The vast majority of Australians want to recycle their waste, but due to our fragile recycling infrastructure, it is incredibly difficult to manage the massive amounts of waste we produce. Additionally, that technology might have a big impact on regional Australia.
If a town can treat its waste stockpiles with a fungus, bacteria, or enzyme and transform it into a lower mass stockpile despite having very limited waste management infrastructure, Dr. Harvey said, “that’s a great thing.” Additionally, it means that they can dispose of their waste locally.
How to process and treat the massive amount of waste that is produced in areas with very low populations but a significant amount of waste that still needs to be managed presents one of the biggest challenges outside of metro and city areas. In this area, a lot of research is being done.
The University of Sydney experiment is one more study that shows how plastic can be broken down by things like fungi, bacteria, enzymes, and algae. But there is also a lot of work being done on incineration and pyrolysis, which is the burning of materials.
“While we are producing energy from burning the waste, Dr.

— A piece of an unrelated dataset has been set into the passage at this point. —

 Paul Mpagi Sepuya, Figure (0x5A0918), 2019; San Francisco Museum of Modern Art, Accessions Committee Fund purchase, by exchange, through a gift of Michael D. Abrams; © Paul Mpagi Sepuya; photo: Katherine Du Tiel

Harvey said, “that’s worrying in and of itself because it’s not really a sensible use of resources because it’s kind of like burning fossil fuels.”
That will help reduce the amount of waste that enters the environment, it also produces a by-product that is problematic in and of itself. Accordingly, while it will reduce waste entering the environment, I don’t think it’s a long-term solution.”

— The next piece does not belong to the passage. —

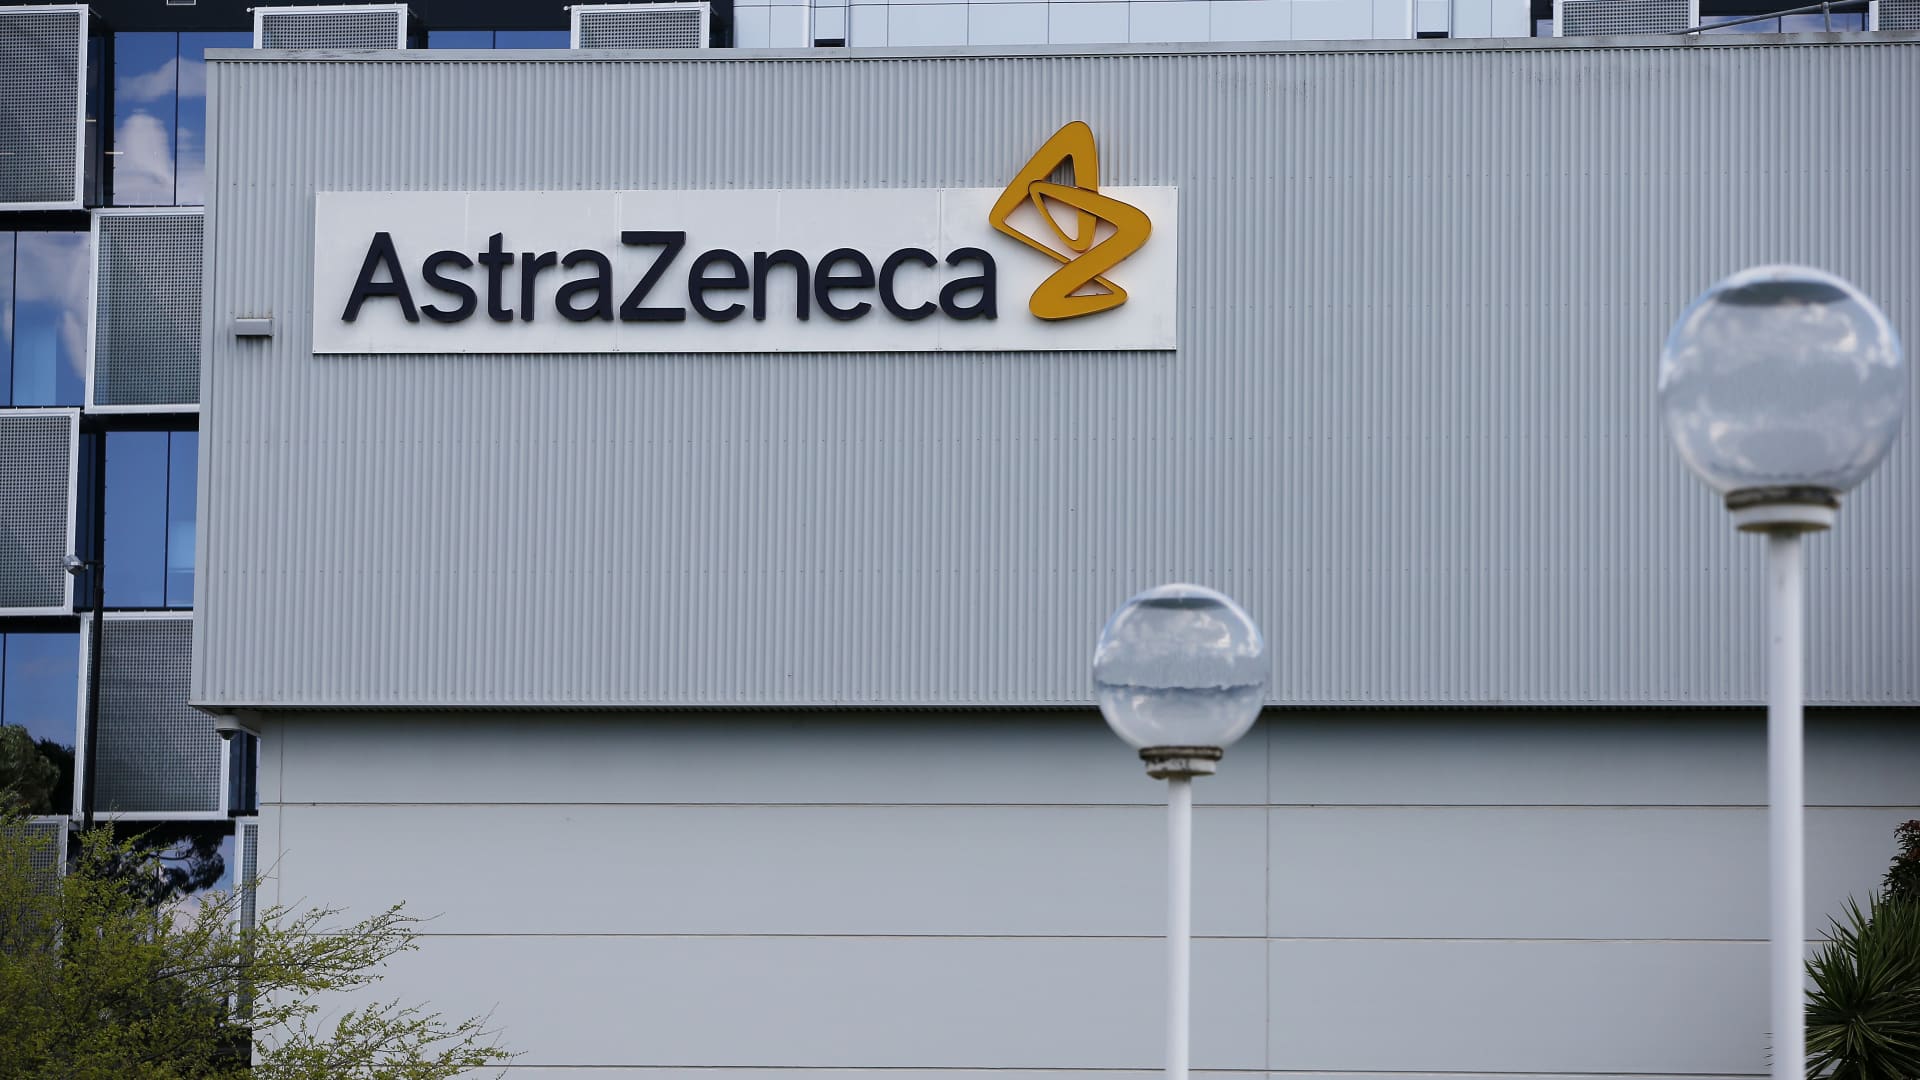 A view of an AstraZeneca facility is seen during Prime Minister Scott Morrison's visit on August 19, 2020 in Sydney, Australia.

Researchers have discovered that a “superworm,” a larva of a beetle that eats polystyrene, can gain weight by only eating polystyrene. Colin Jackson from the Australian National University says that should be taken into account by researchers in the fungi experiment.
There needs to be a discussion about whether polypropylene or polystyrene plastic should be recycled or broken down by fungi, according to Dr. Jackson, who is also the chief science officer at a private company that uses enzymes to break down plastics before remaking them.
This is due to the potential release of greenhouse gases if the plastic changes from its solid state, where all the carbon is trapped, to being essentially converted to CO2, according to Dr. Jackson.
“That again needs to be balanced because you’re stopping the production of new plastic, which also produces a significant amount of carbon dioxide. So it’s not necessarily a bad thing, but more circular solutions where the carbon is recycled back into plastic might be better in terms of greenhouse gases.”